We need to find all possible arrangements where no $B_i$ is in its designated cell $C_i$.
Lets take $5$ arrangements for positions $1,2,3,4$ and $5$ where, in each of them, one element is in its designated position and denote them as $S_i$.
$$\begin{array}{|c|c|c|c|} \hline \text {$1$} & \text{ $x$}& \text{$x$} & \text{$x$} & \text{$x$} \\\hline \end{array} \rightarrow{S_1}$$
$|{S_1}| = 4!$ as the other 4 balls can be arranged in $4!$ ways inside $S_1$
Similarly, we have $S_2$ which is the arrangement of all balls with $B_2$ in its designated position.
$$\begin{array}{|c|c|c|c|} \hline \text {$x$} & \text{ $2$}& \text{$x$} & \text{$x$} & \text{$x$} \\\hline \end{array} \rightarrow{S_2}$$
We have $|{S_2}| = 4!$ similar to $|S_1|$ and likewise $|{S_i}| = 4!$ .
We have total number of non-derangement $=\ |{S_1}\cup{S_2}\cup{S_3}\cup{S_4}\cup{S_5}| $
According to the principle of Mutual Inclusion and Exclusion,
$|{S_1}\cup{S_2}\cup{S_3}\cup{S_4}\cup{S_5}| = \Sigma|{S_i}|-\Sigma|{S_i\cap{S_j}}|+\Sigma|S_i\cap{S_j}\cap{S_k}|-\ldots \longrightarrow (A)$
$|S_1\cap{S_2}| = $number of arrangements where $B_1$ and $B_2$ are in their designated positions.
$$\begin{array}{|c|c|c|c|} \hline \text {$1$} & \text{ $2$}& \text{$x$} & \text{$x$} & \text{$x$} \\\hline \end{array}$$
This can be done in $3!$ ways.
Similarly all the other two intersections,$ |S_i\cap {S_j}| = 3!$ and three intersections,$|S_i\cap{S_j}\cap{S_k}| = 2! $ and similarly all.
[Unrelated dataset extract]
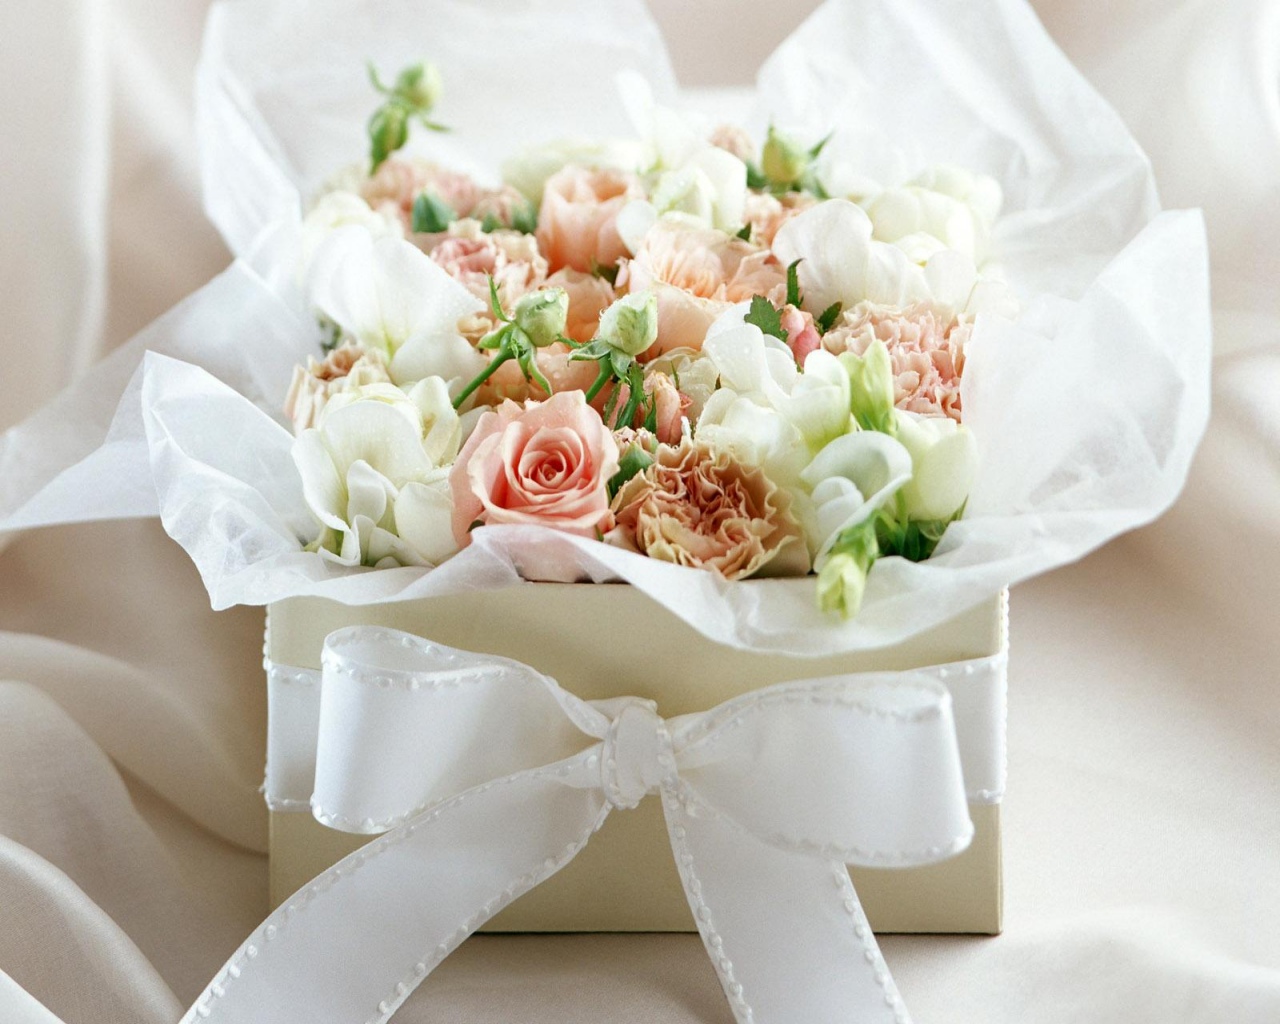 white roses bouquet wallpaper

Substituting in equation $(A),$
$|{S_1}\cup{S_2}\cup{S_3}\cup{S_4}\cup{S_5}|= 5\times 4!-\binom{5}{2}\times 3!+\binom{5}{3}\times 2!-\binom{5}{4}\times 1!+\binom{5}{5}\times 0!=76$ (equals number of non derangements)
Derangements = all arrangements - non derangements
$= 5! - 76 = 44$
Correct Answer: A